Proceed to a series of ink drawings from the sixties, again monochrome, again engaging with space and abstraction, but this time in the natural world, reflecting her move north to Napa. 

The mapping of the next decade of her life is primarily through written work and runoff from her various projects, instead of painted works.  In the seventies, she was painting, thinking deeply about her work, and also founding local institutions and serving her community. This is evidenced by the trove of material on display, through installations of her notes, collaborations and interviews. In one diary entry retrieved from the Bernice Bing archive of Stanford Library, she jotted down these notes about the visual concepts in which she was working: “curve space, dark matter, light depth.” She also invested, through institutions, through mentorship and through her unique insights and choices, in the future of the Bay Area as an epicenter of the arts and of Asian American culture. 

In 1984 she studied the millennia long history of calligraphy and Buddhism during her Fulbright Fellowship in China. In a later interview, she recounted her time in China as an experience of both connection and disconnect. Bing, who described herself as ethnically but not culturally Chinese, said that while it was remarkable to be in a place where she was in the ethnic majority, she “still felt like a foreigner.”

Upon her return, she honed her work with the Lotus Sutra and, in her oil paintings from that decade, developed a much more calligraphic sensibility. 

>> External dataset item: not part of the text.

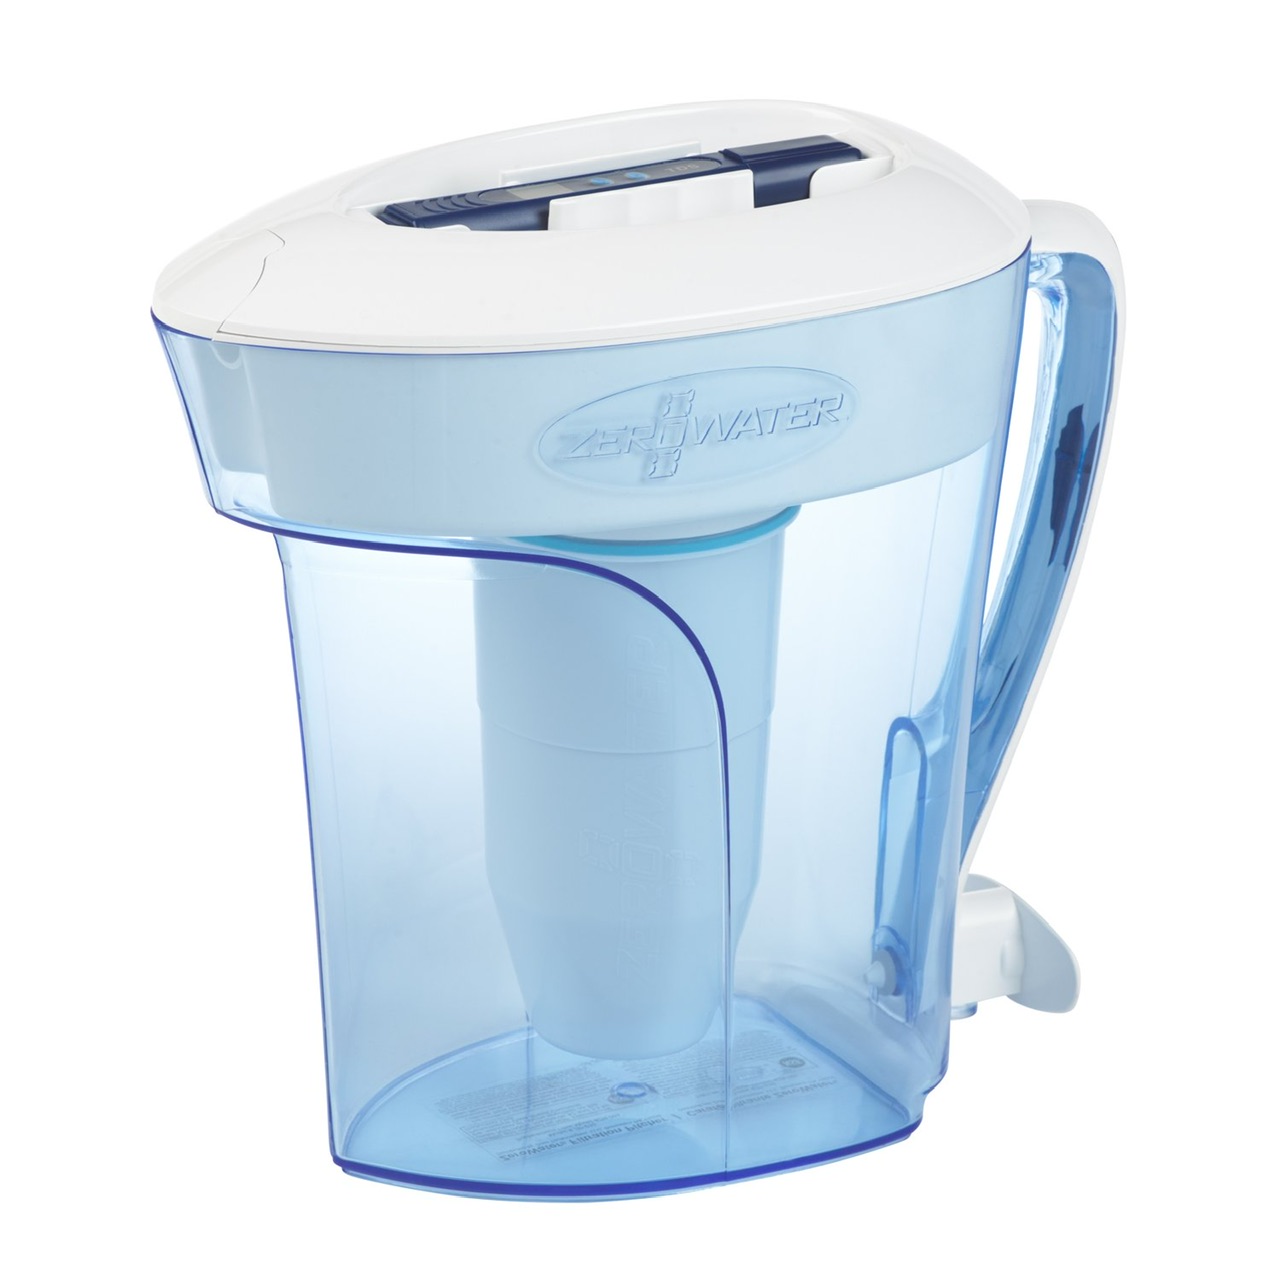 Best water filter pitcher reddit

A long red table on which is printed excerpts from Bernice Bing’s personal notes and flyers from important events in her life as an artist. Photo by Max Hollinger/The Guardsman

Among those pieces acquired by the Asian Art Museum is Epilogue, the artist’s final piece before being robbed of her life by cancer in 1998, the last of a life of diagnoses including hemochromatosis and lupus. Culminating her explorations in abstraction, space, light, calligraphic line, and color, the 24-foot-long triptych reflects the intricately woven life and deep connections of the artist. Her vibrancy and depth seem to run across the canvases with the lines, some of which are dancing, some folding, some hiding away. 

The artist’s final piece, Epilogue, was painted over five years, 1990 – 1995 and spans three large canvases. Bing’s trademark influences, the Lotus Sutra, calligraphy, and the Bay Area Figurative Movement, coalesce masterfully across all three. Photo by Max Hollinger/The Guardsman

The impact of the piece could no more be adequately described than it could be captured in a photograph, it must be witnessed first hand. The exhibit, entitled Outsider in Her Lifetime, Bay Area Chinese American Queer Woman Comes Into View, can be found on the ground floor of the museum, and will be shown through May 1, 2023.

When the varied components of her interior and communal life are taken together, this artist, this woman, this lesbian, this Chinese American, this San Franciscan, this activist, is too complex to distill. Abby Chen’s show at the Asian Art Museum is the correct medium for experiencing the work and life of Bernice Bing.